项目摘要（30线限制） 致命疾病，例如慢性阻塞性肺疾病（COPD），哮喘，肺损伤，狭窄 细支气管炎和肺纤维化影响全球> 3亿人，每年约300万人死亡。 但是，目前尚无宽度临床成像方式来执行高分辨率功能性肺 成像：计算机断层扫描（CT），常规MRI和X射线只能提供密集的结构图像 组织 - 关于肿瘤和肺炎等病理的信息，但几乎没有或没有有关肺的信息 通风，灌注，肺泡尺寸，气体交换效率等。这种状况与癌症形成鲜明对比 成像，包括MRI，CT，超声，乳房X线摄影，正电子发射断层扫描（PET）等，其他 共同实现了早期检测（通过人群筛查），诊断和监测对 治疗。超极化贵重气体（129xE和3HE）关于肺功能的报告：通风，扩散， 和汽油交换。尽管在该领域的研究突破表明了有效性和 超极化贵重气体MRI的安全性检测多种肺部疾病并监测对 治疗（在过去20多年的研究中），该成像的宽度临床适应的前景 方式面临着主要挑战，包括（i）生产设备的高成本和复杂性 超极化的贵重气体，以及（ii）高度专业的自定义MRI扫描仪的要求 129XE或3HE成像 - 注意，所有经FDA批准的临床MRI扫描仪都可以仅对质子成像。我们去过 开发一种新技术的寄生虫诱导的极化（PHIP），用于生产纯质子 通过成对的偏二二氢添加不饱和前体（例如乙烯基），超极化的烃类气体 以太提议在这里）。这种高通量技术非常简单且低成本。最重要的是，它 可以在FDA批准的MRI扫描仪上部署，而无需任何其他硬件和软件升级。 在这里，我们建议将这项技术应用于二乙醚的生产，该技术具有丰富的用作历史 首先吸入的麻醉剂，它彻底改变了医学领域。具体来说，我们建议开发和 优化少于100 mL气体的人剂量的临床规模产生过程。吸入后，这是 低剂量的二乙醚将在体内浓度中呈现，这不再是易燃的。因此，我们设想 使用低剂量质子 - 高磨砂二乙醚作为安全的MRI对比剂。我们也会表演 这种新型HP对比剂的松弛特性的详细映射，并将执行可行性成像 在幻影和优秀的动物肺部研究。我们设想这个新的安全吸入对比代理可以 一般而言，彻底改变了肺成像和肺医学。

项目成果

Bridging the Gap: From Homogeneous to Heterogeneous Parahydrogen-induced Hyperpolarization and Beyond.
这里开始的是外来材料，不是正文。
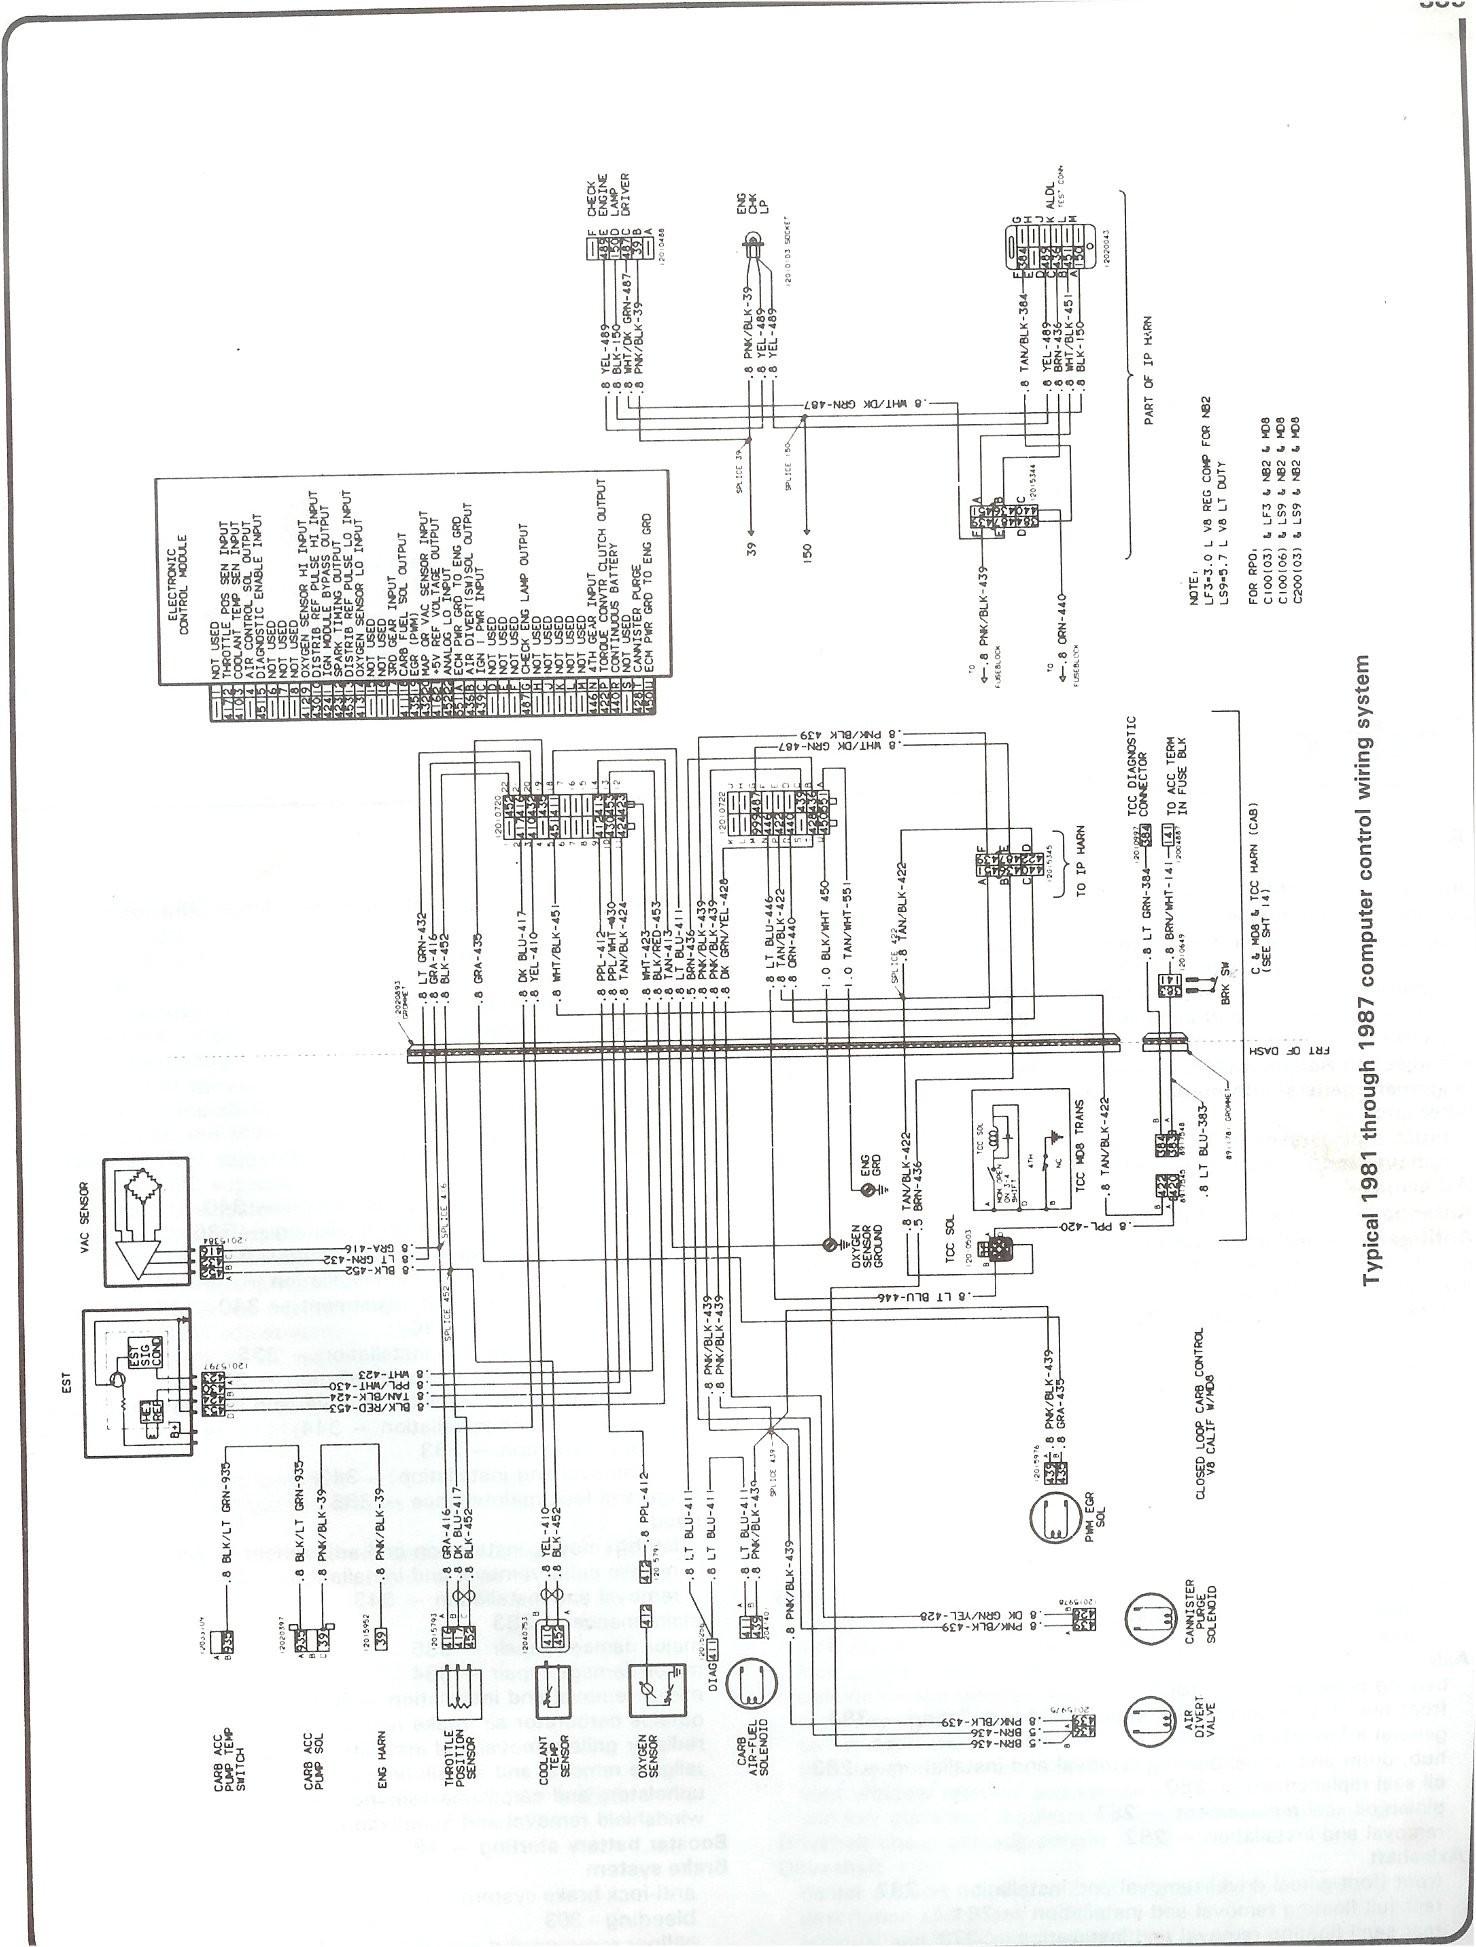 Fuel Pump Wiring Diagram 87 Jimmy Wiring Diagram Wiring Diagram Options Of Fuel Pump Wiring Diagram

• DOI: 10.1002/cphc.202001031
• 发表时间: 2021-04-19
• 期刊: Chemphyschem : a European journal of chemical physics and physical chemistry
• 作者: Chekmenev EY;Goodson BM;Bukhtiyarov VI;Koptyug IV
• 通讯作者: Koptyug IV

Low-Cost High-Pressure Clinical-Scale 50% Parahydrogen Generator Using Liquid Nitrogen at 77 K.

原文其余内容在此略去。